The children cover their faces with handkerchiefs and line up in the town’s basketball court in a display meant to draw attention to organized violence in the area, according to the AP. Most of the children are unarmed during their patrols, which many forgotten communities have resorted to in order to bring organized crime to the federal government’s attention.

“They are the poster children for a country at war that doesn’t speak of war,” Network for Children’s Rights in Mexico Director Juan Martín Pérez said, the AP reported.

A boy aims a makeshift rifle as the Regional Coordinator of Community Authorities (CRAC-PF) community police force teaches a group of children how to use weapons, at a basketball court in the village of Ayahualtempan, Guerrero State, Mexico, on January 24, 2020. (Photo by PEDRO PARDO/AFP via Getty Images)

A boy aims a makeshift rifle as the Regional Coordinator of Community Authorities (CRAC-PF) community police force teaches a group of children how to use weapons, at a basketball court in the village of Ayahualtempan, Guerrero State, Mexico, on January 24, 2020. (PEDRO PARDO/AFP via Getty Images)

The Ayahulatempa village is located in the remote Mexican state of Guerrero, where narcotics are produced and transported, according to the AP. Criminals reportedly target the native village and kidnap, murder and extort the locals.
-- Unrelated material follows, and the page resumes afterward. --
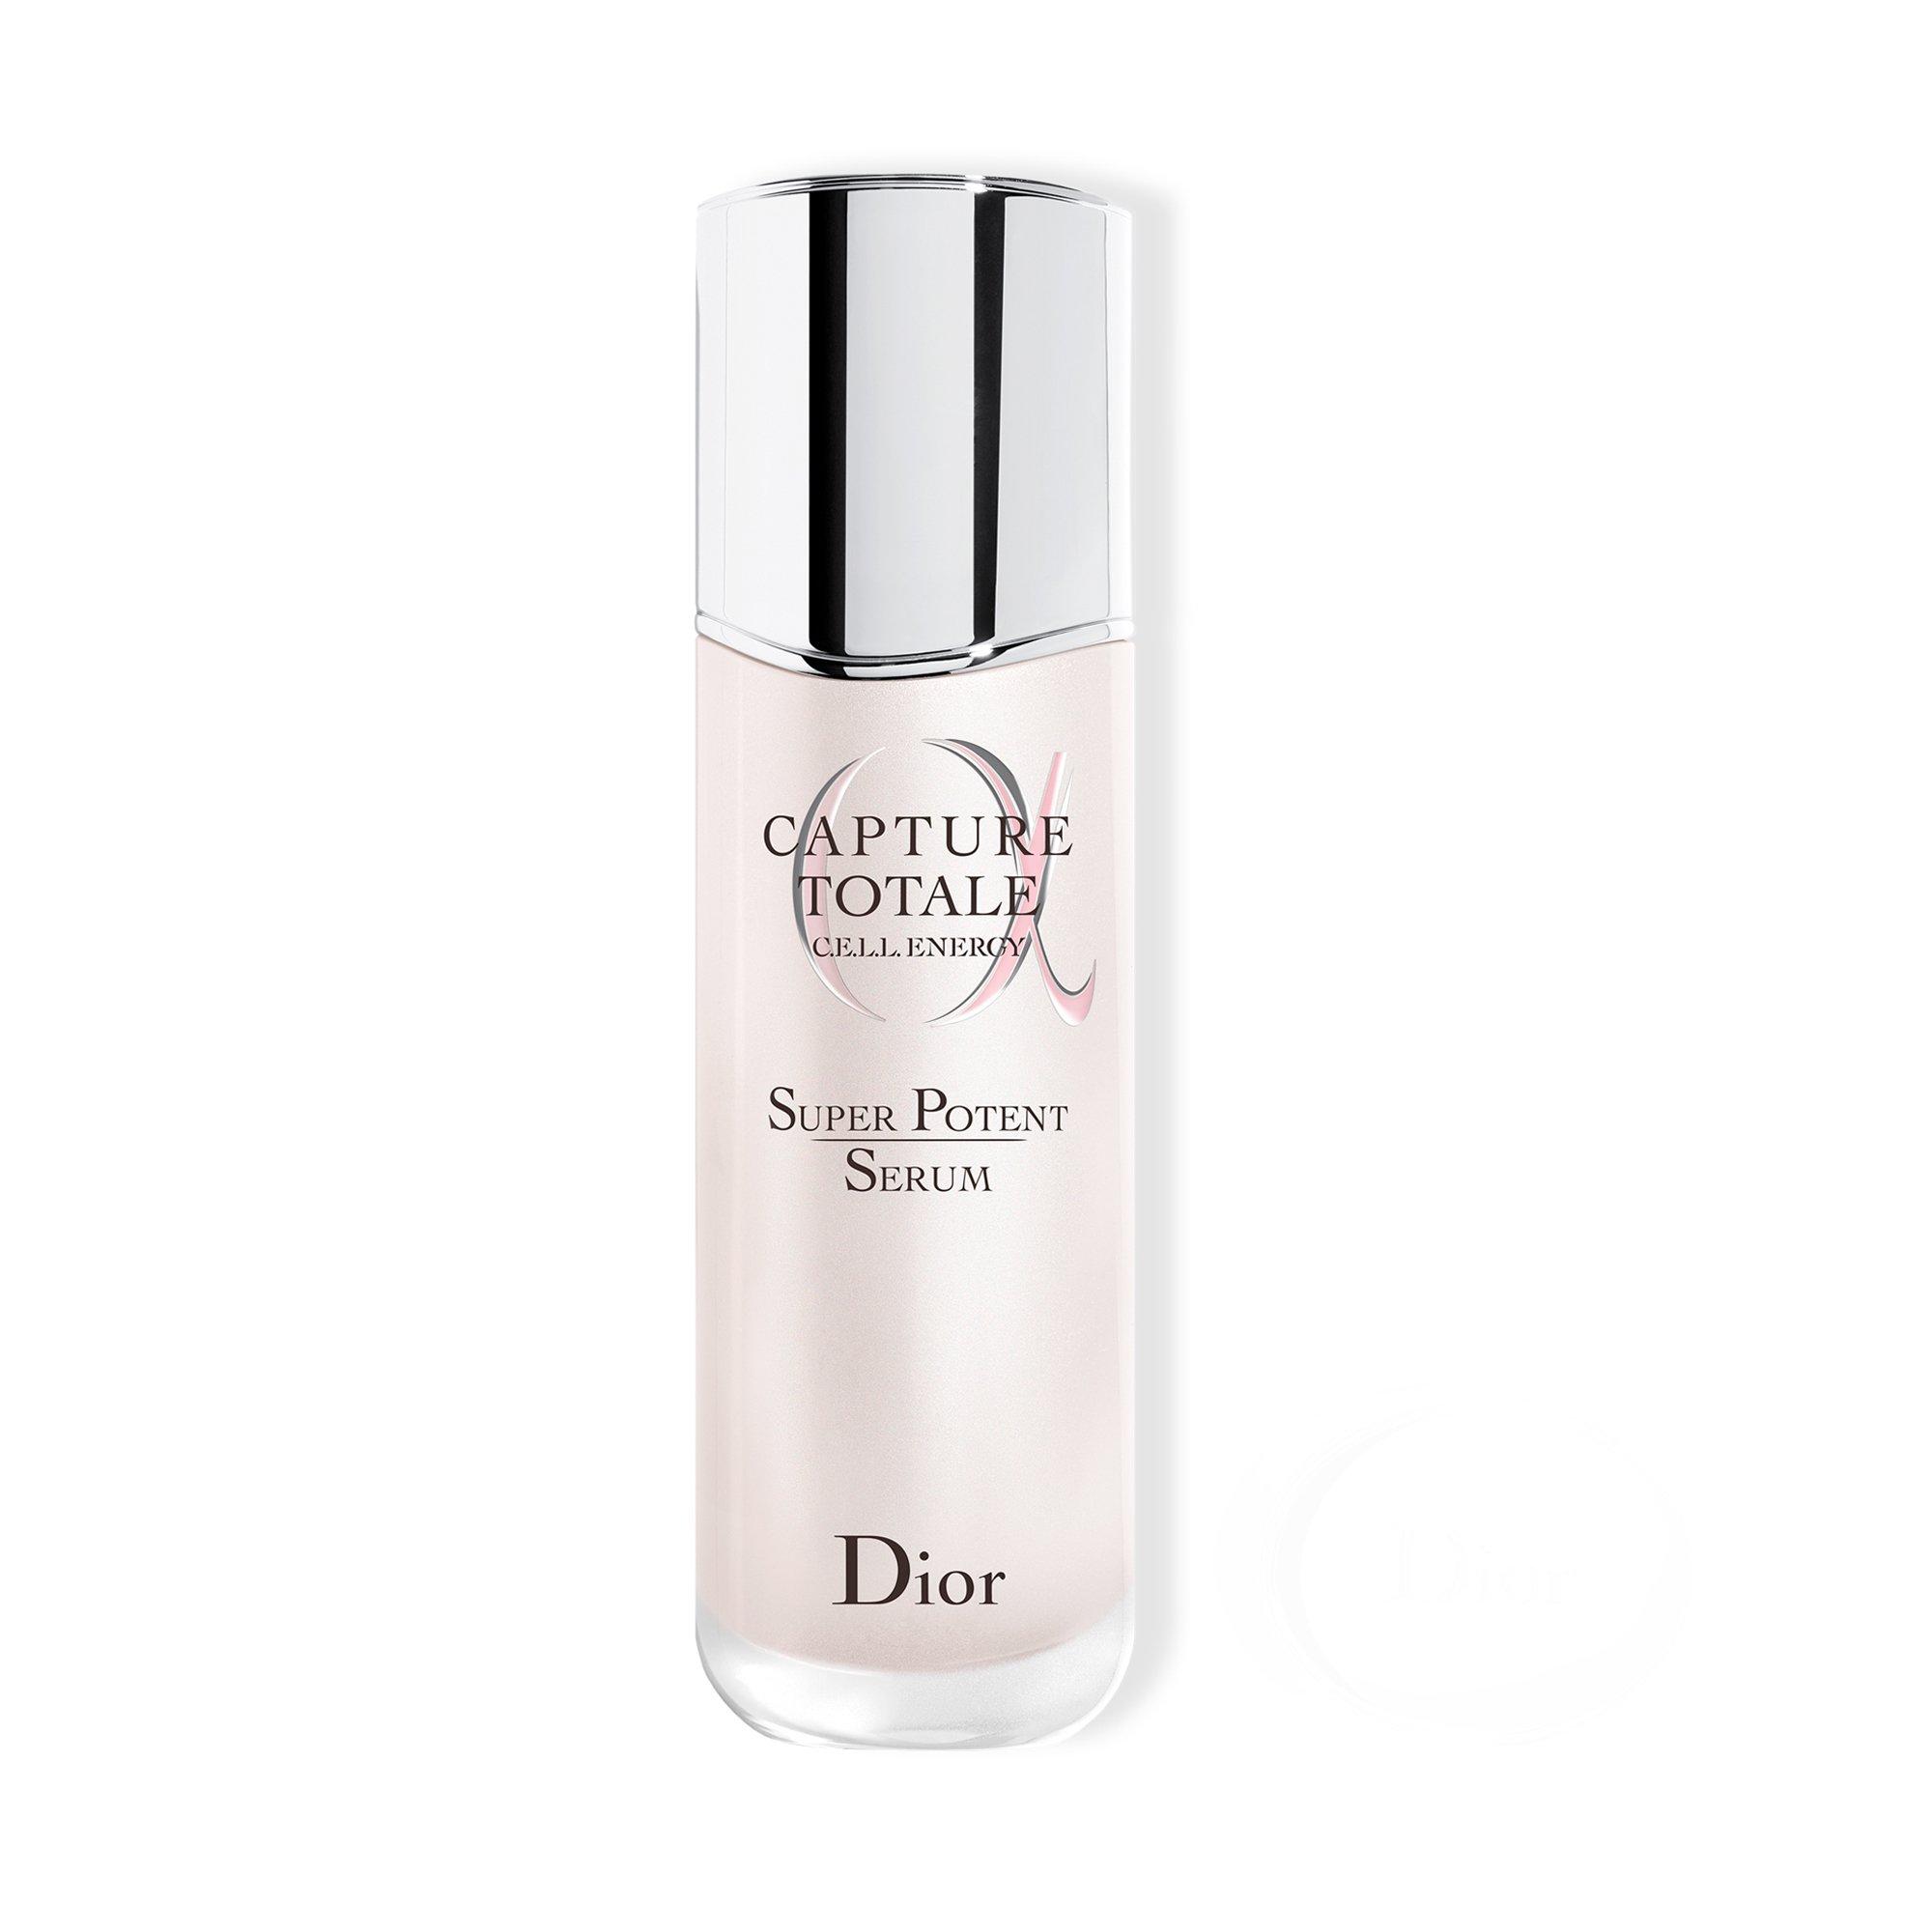 Image of Dior Capture Totale Super Potent Serum - 75ml

The children only march with guns “when the reporters are going to come and interview us,” Valentín Toribio, 12, told the AP as he tended to goats and puppies on a mountainside with three other boys. “It’s so the president sees us and helps us,” Toribio said.

Toribio enjoyed learning how to use a gun from his older brother and wants to be a policeman when he’s older, he told the AP. “When I’m older I’ll carry the gun because (now) it can be dangerous,” he told the AP.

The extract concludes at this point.